» Entries provided:
◇ ◇ ◇ ◇ ◇ ◇ ◇

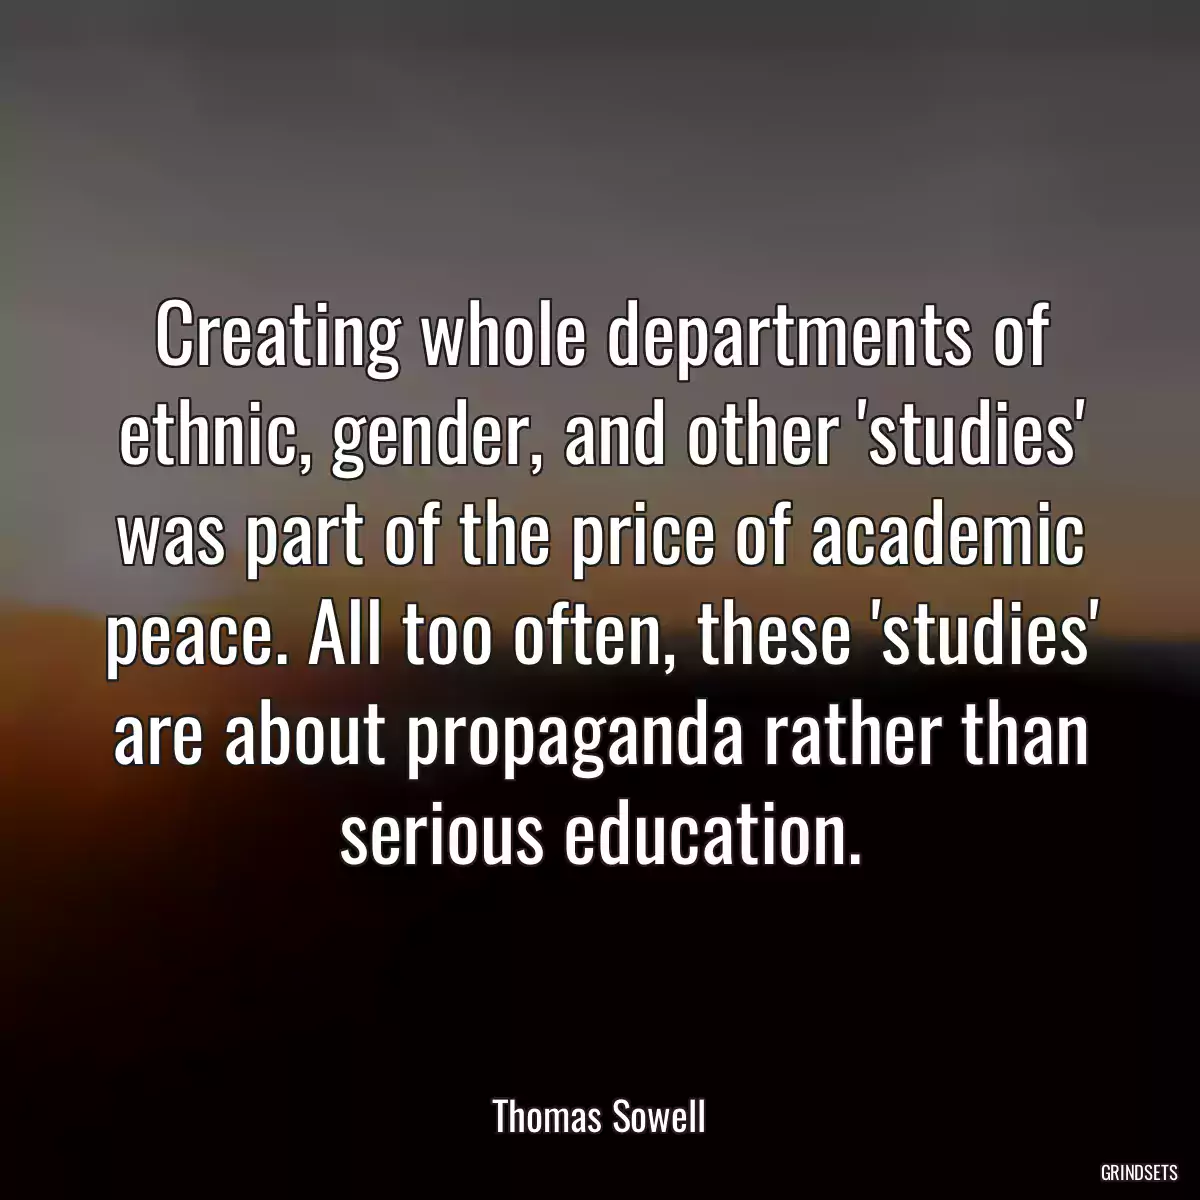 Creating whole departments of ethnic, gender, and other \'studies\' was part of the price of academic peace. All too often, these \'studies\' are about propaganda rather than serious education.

◇ ◇ ◇ ◇ ◇ ◇ ◇

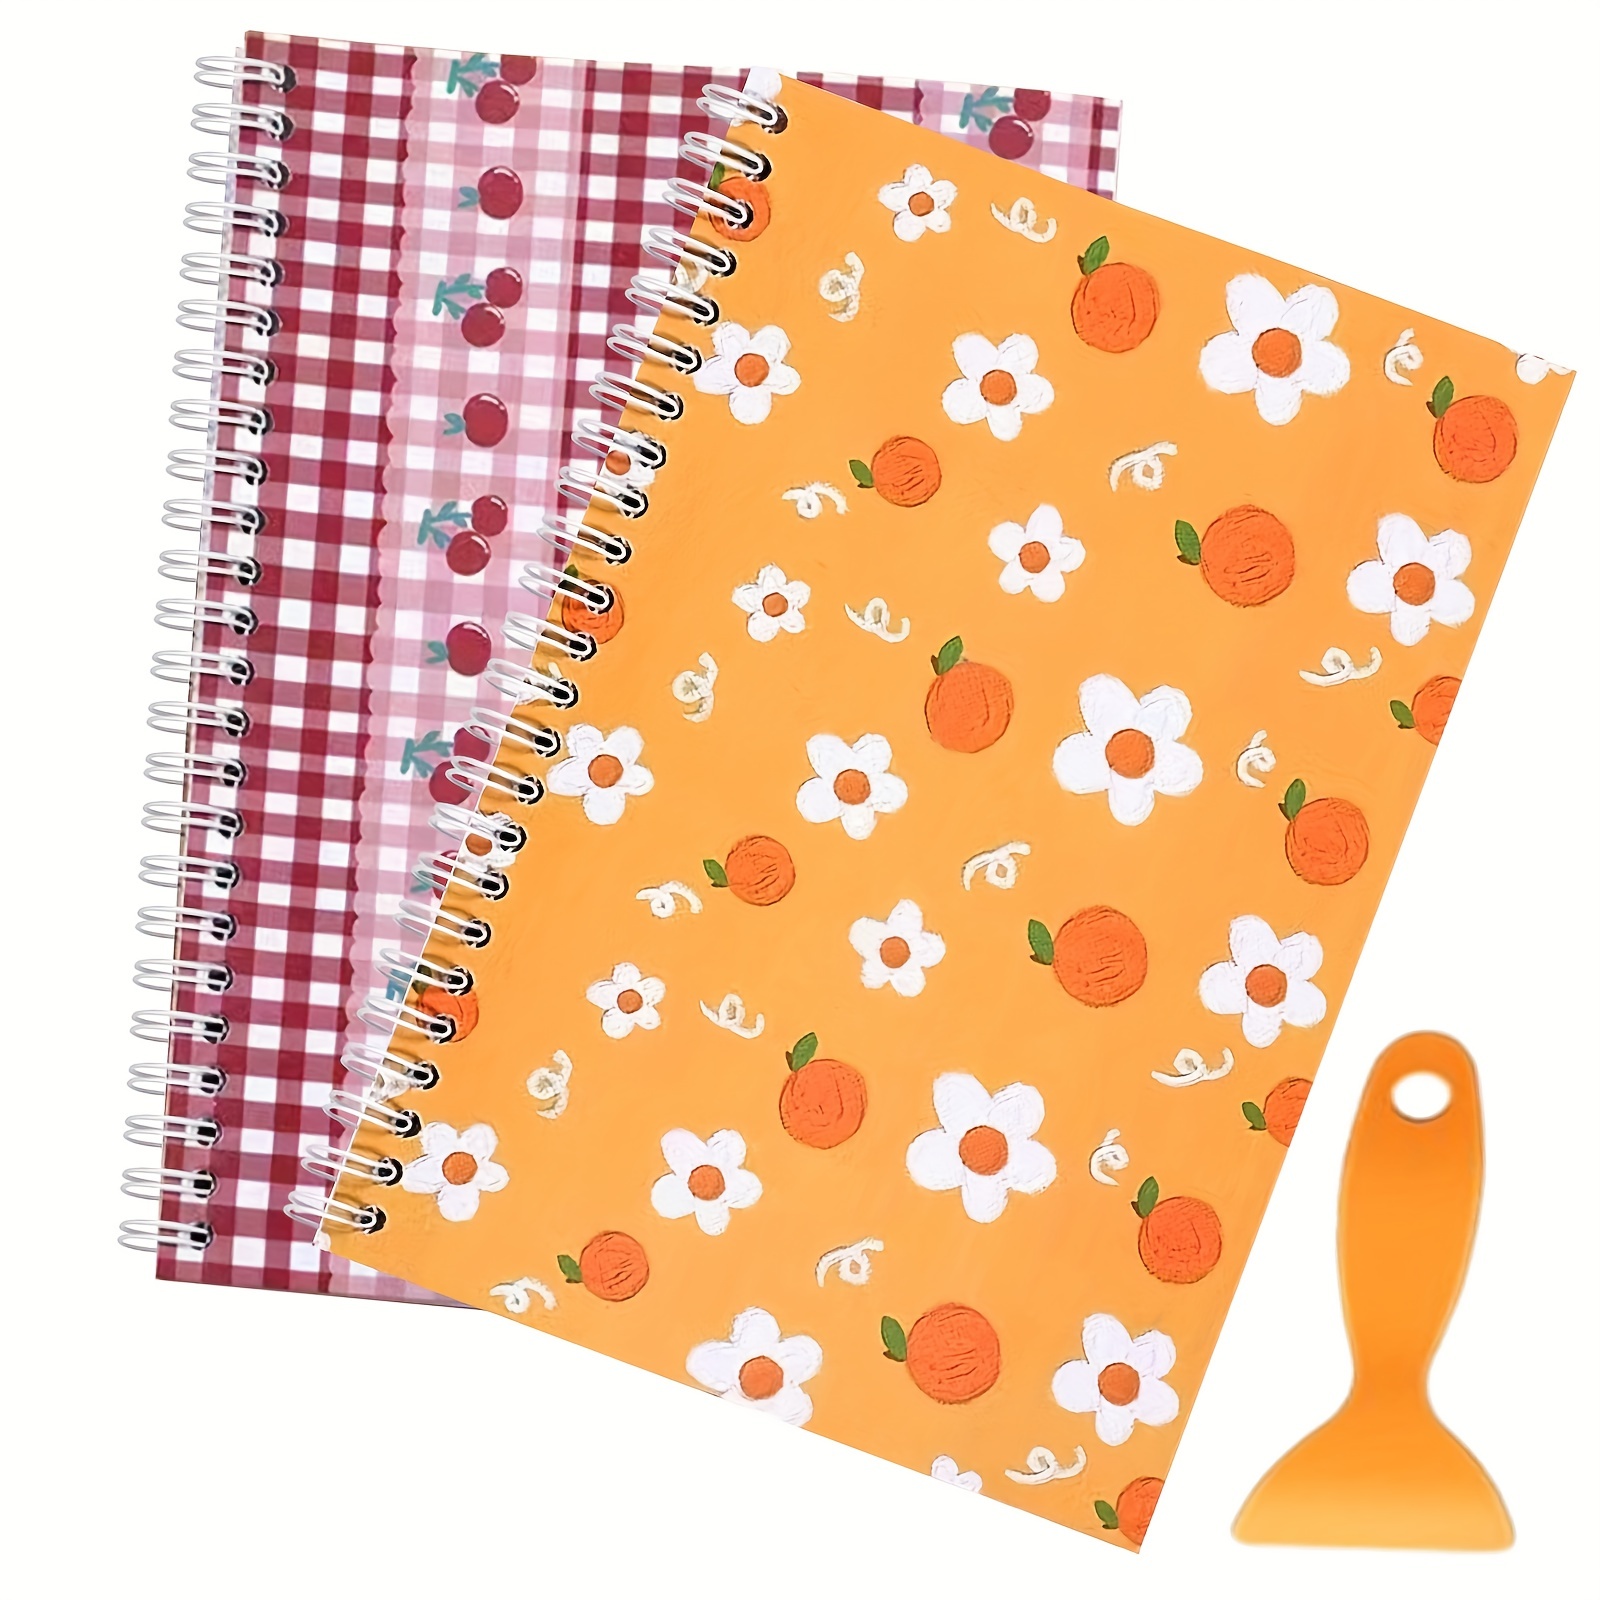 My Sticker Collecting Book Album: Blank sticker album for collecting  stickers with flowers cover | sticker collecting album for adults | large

◇ ◇ ◇ ◇ ◇ ◇ ◇

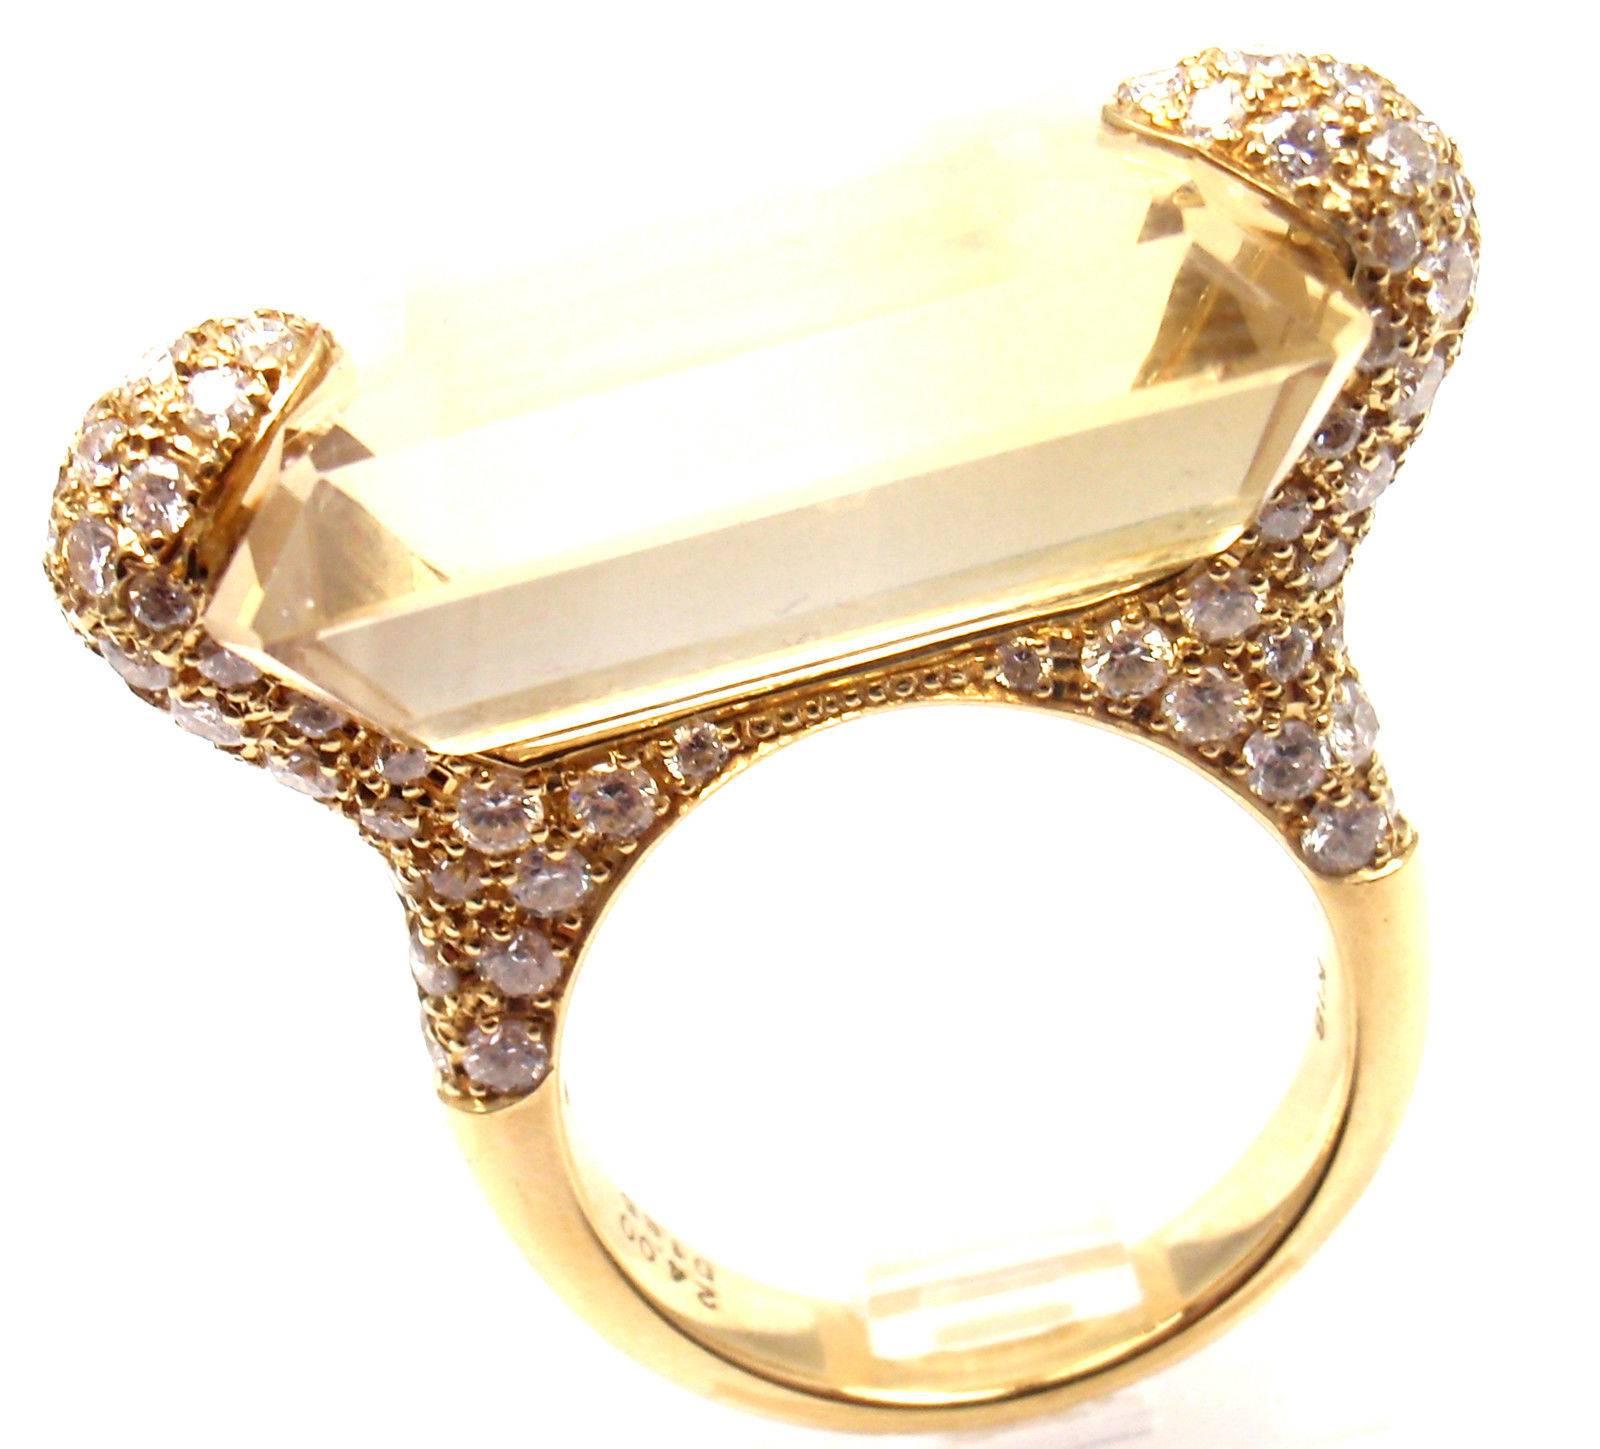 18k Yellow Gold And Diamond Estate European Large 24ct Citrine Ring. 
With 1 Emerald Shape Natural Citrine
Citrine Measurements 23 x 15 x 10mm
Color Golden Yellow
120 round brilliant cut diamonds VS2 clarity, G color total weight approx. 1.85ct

◇ ◇ ◇ ◇ ◇ ◇ ◇

» Try it: What is needed is an exact copy of the lines above, from the one containing "Citrine Measurements 23 x 15 x 10mm" through the one containing "120 round brilliant", with nothing added.

» Answer to this task:
Citrine Measurements 23 x 15 x 10mm
Color Golden Yellow
120 round brilliant cut diamonds VS2 clarity, G color total weight approx. 1.85ct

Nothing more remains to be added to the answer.